• _Data excerpt_:

#####

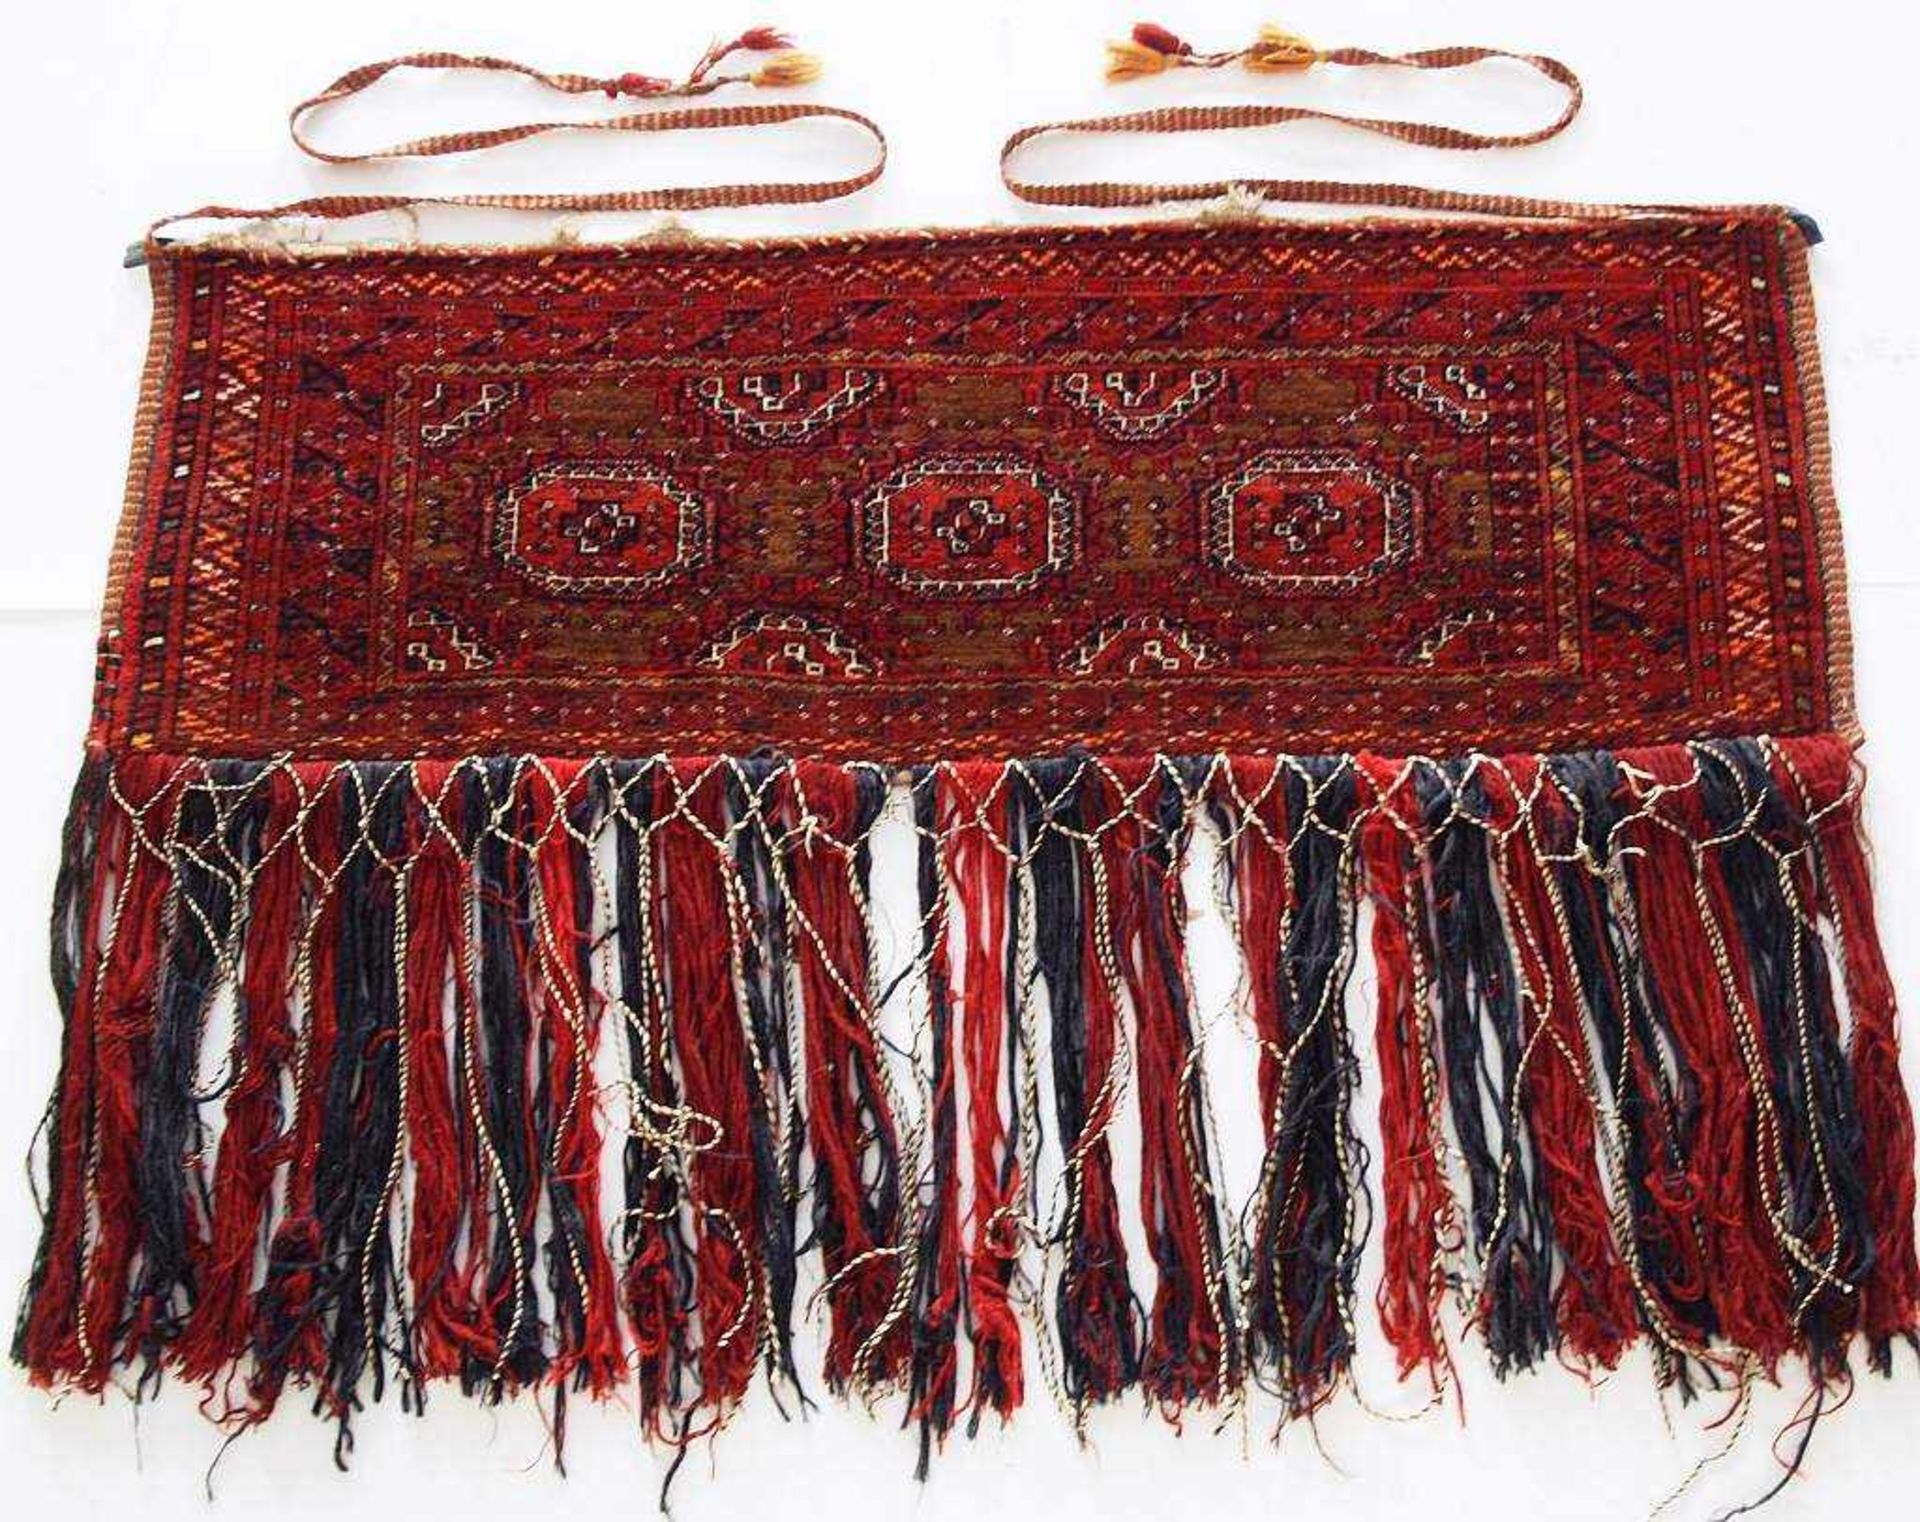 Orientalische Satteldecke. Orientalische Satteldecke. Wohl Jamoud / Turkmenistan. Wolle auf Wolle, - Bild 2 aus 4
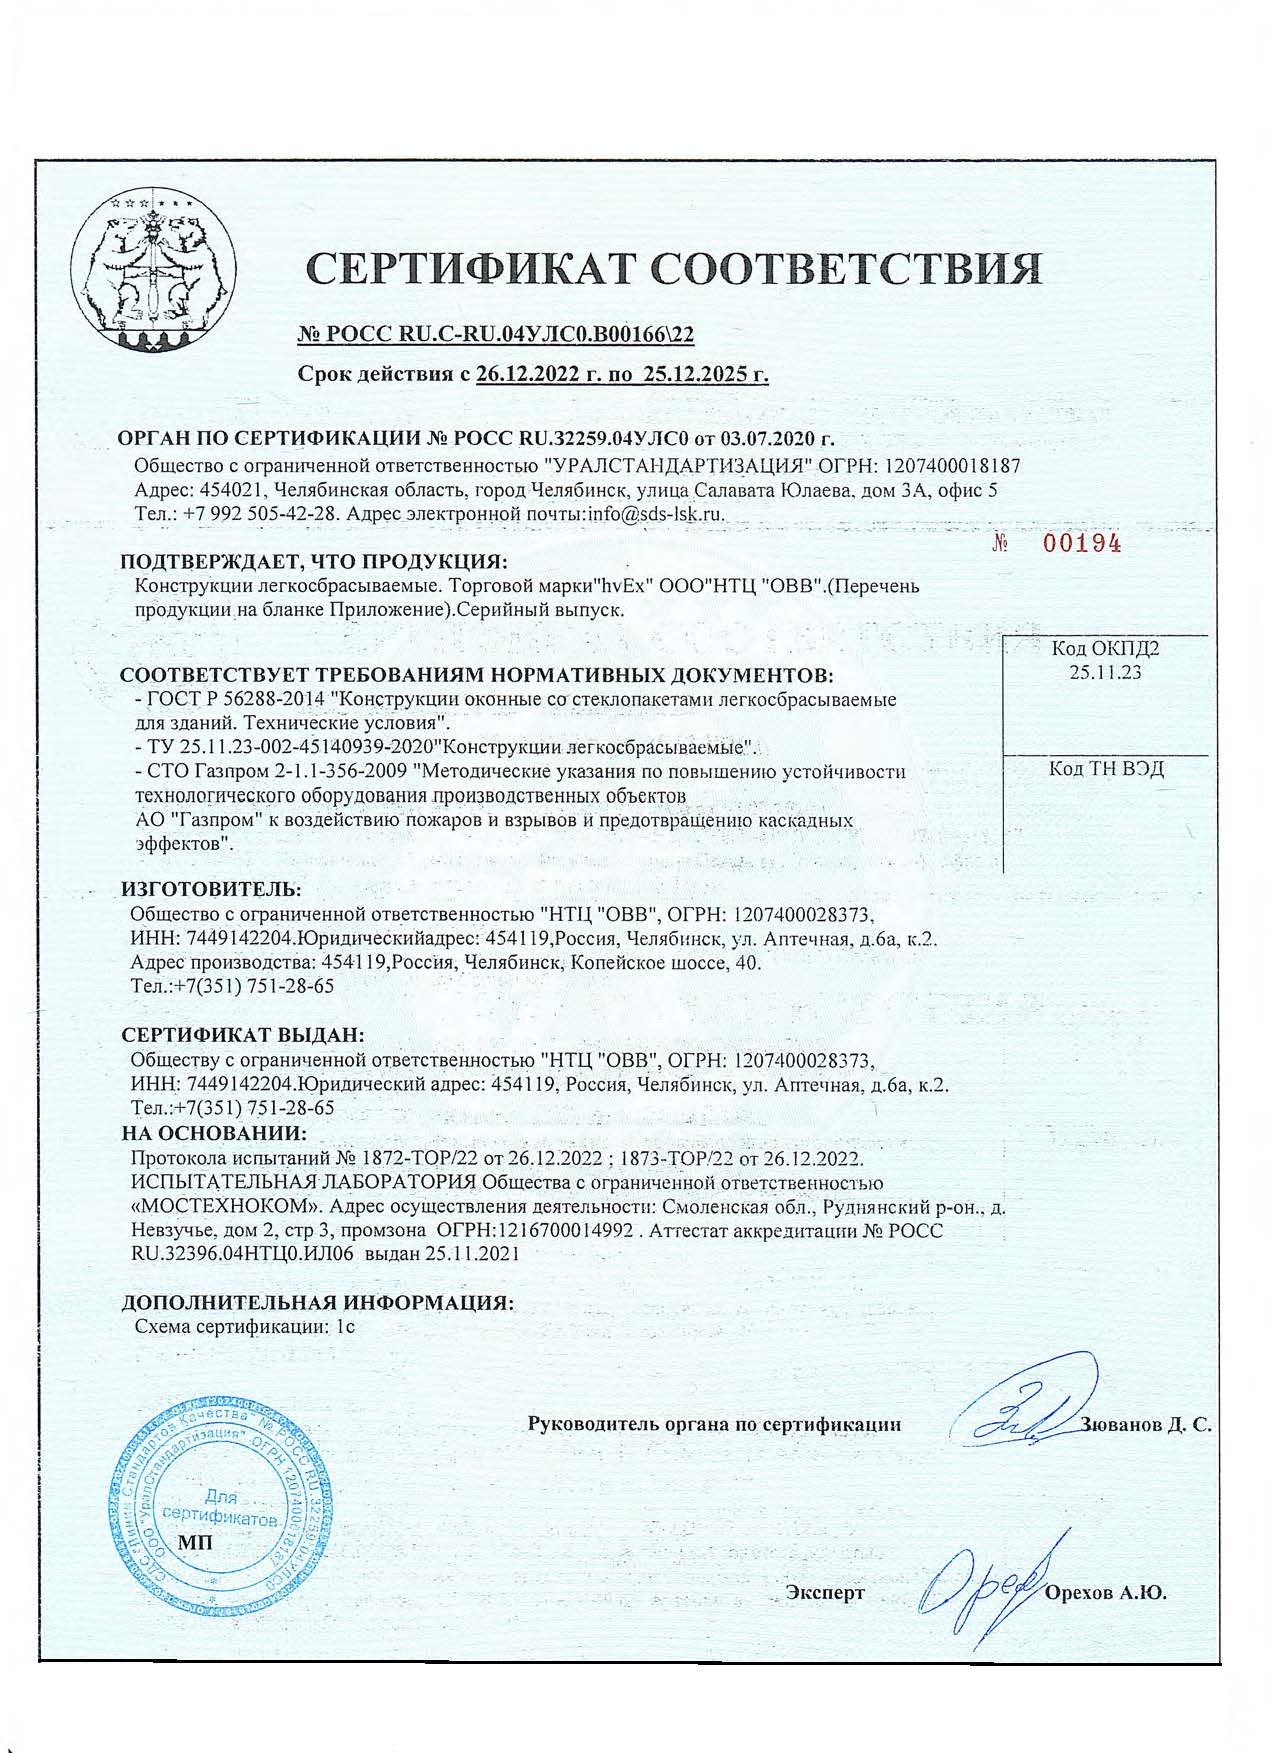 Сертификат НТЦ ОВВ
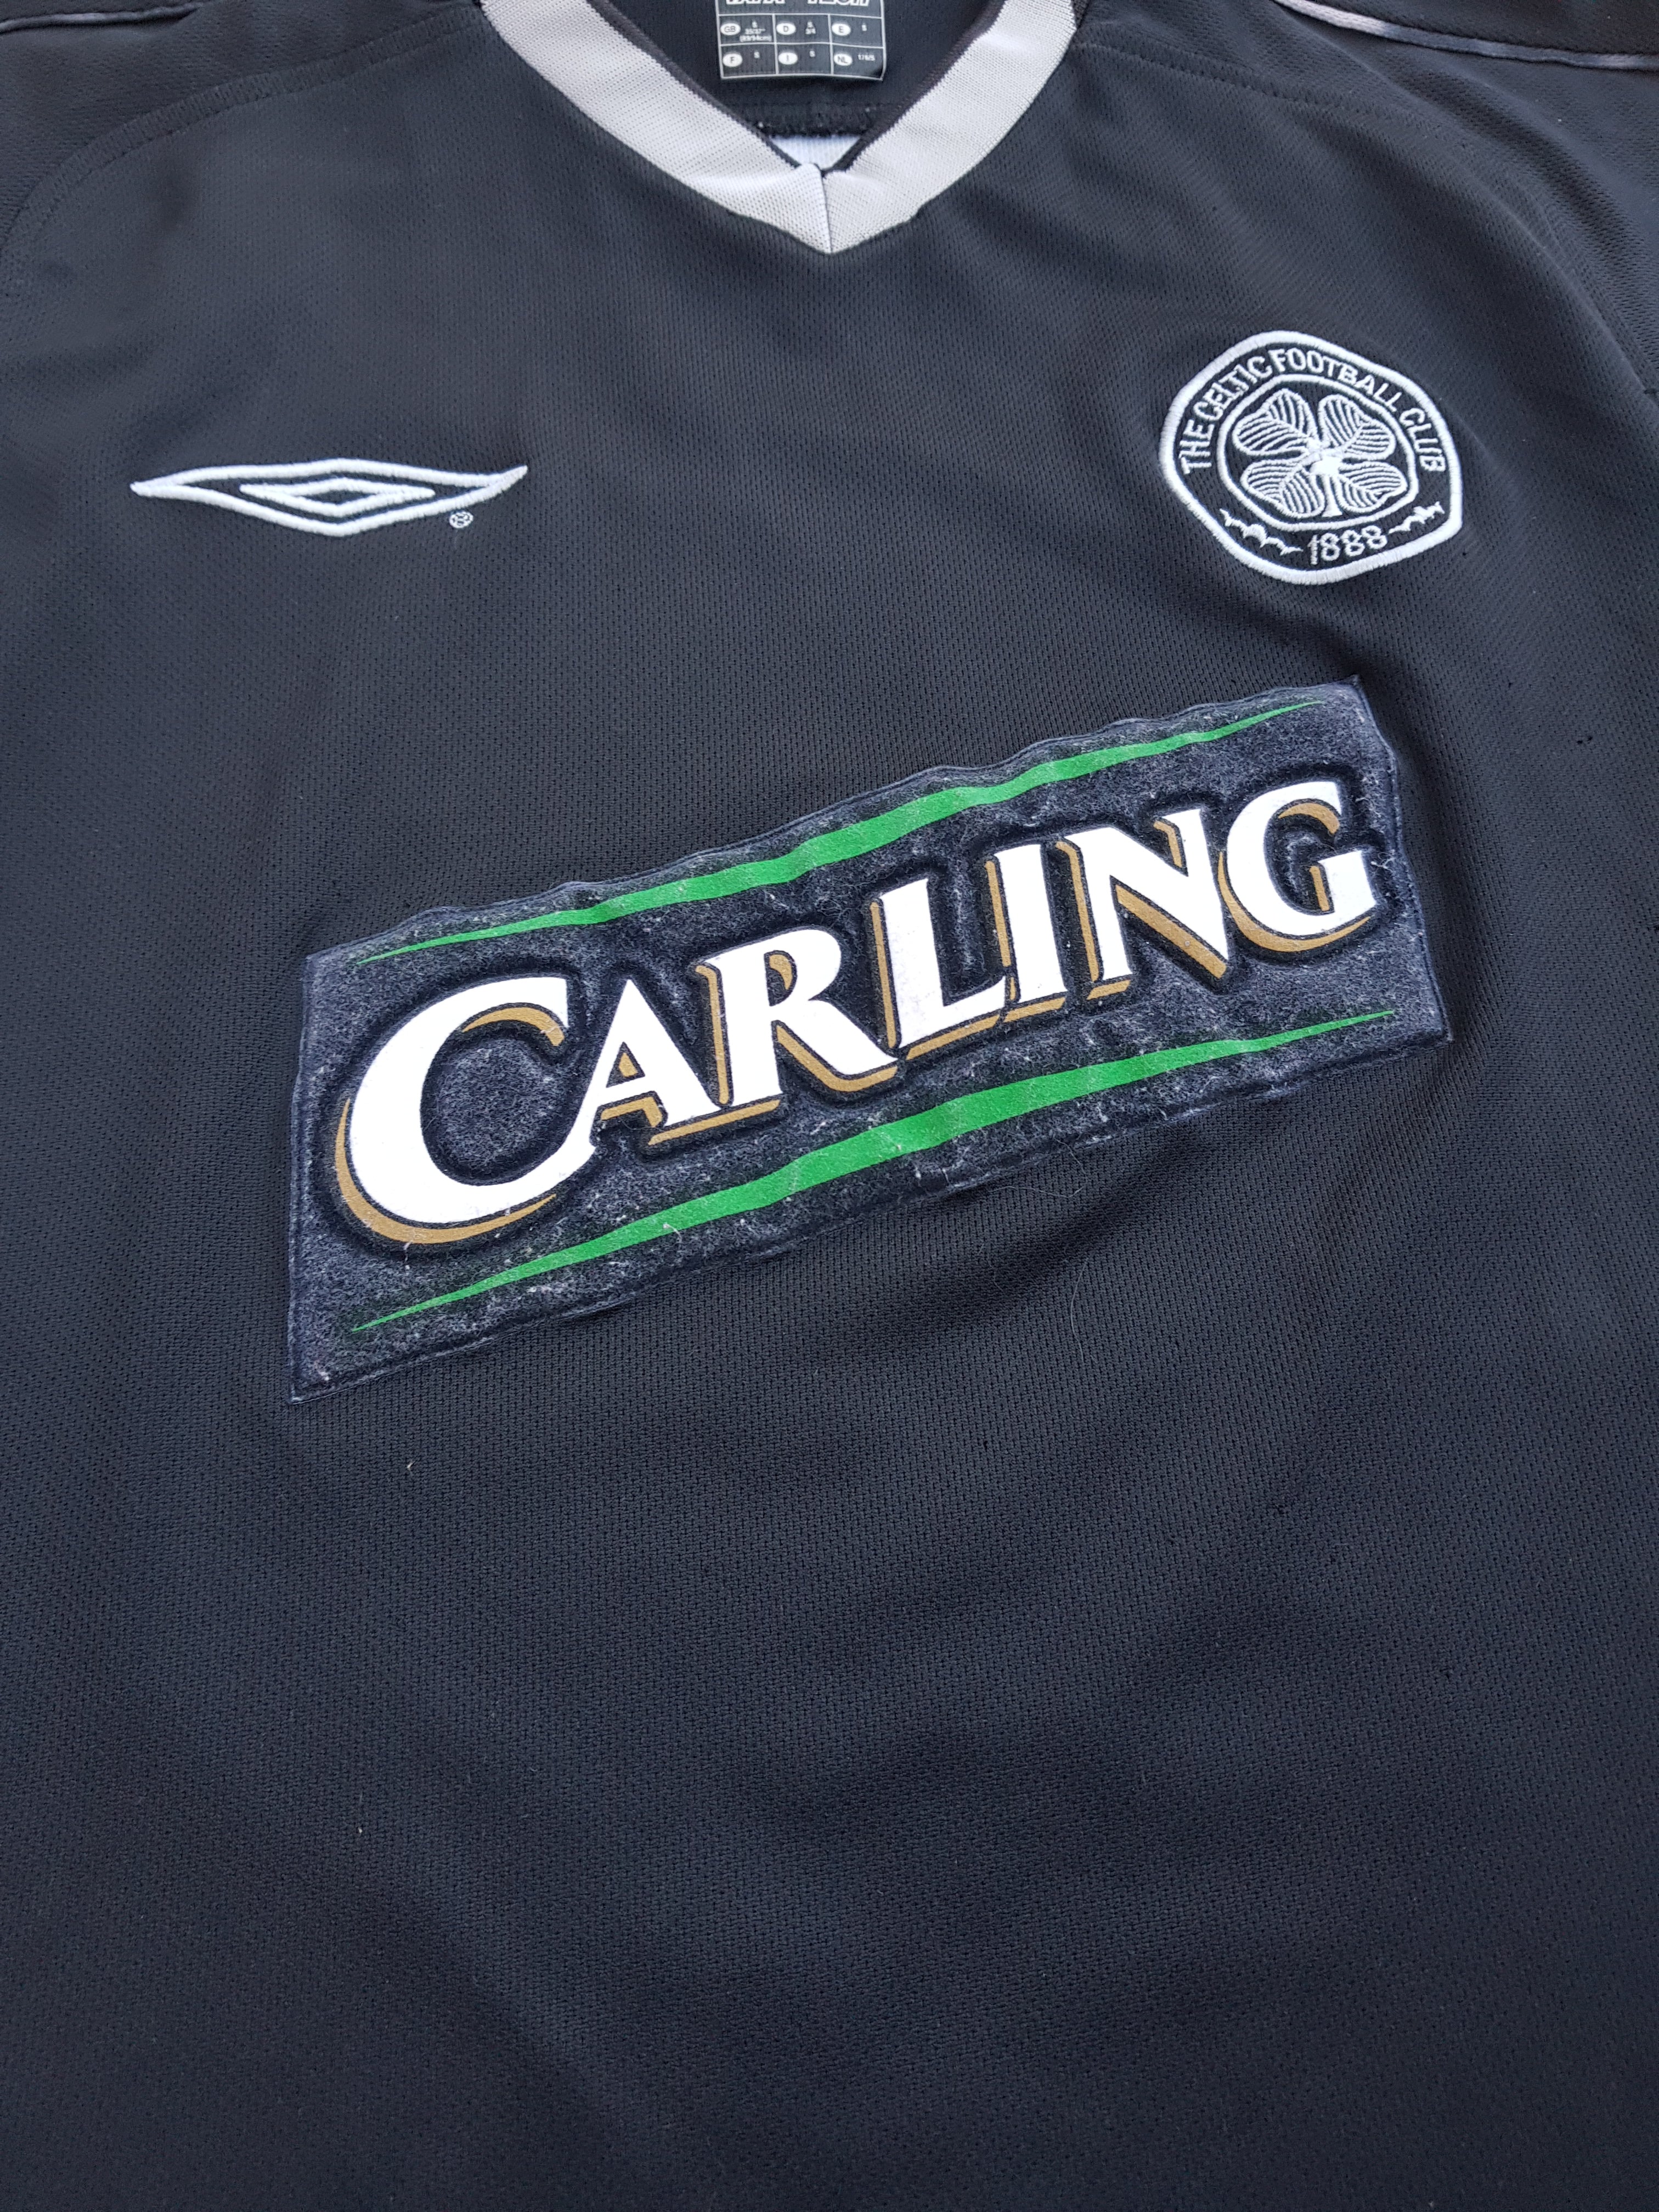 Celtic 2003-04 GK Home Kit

#####

• _What is expected_: Ignore the images and quote every line of the listing exactly.

• _Task answer_:
 Orientalische Satteldecke. Orientalische Satteldecke. Wohl Jamoud / Turkmenistan. Wolle auf Wolle, - Bild 2 aus 4
 Сертификат НТЦ ОВВ
 Celtic 2003-04 GK Home Kit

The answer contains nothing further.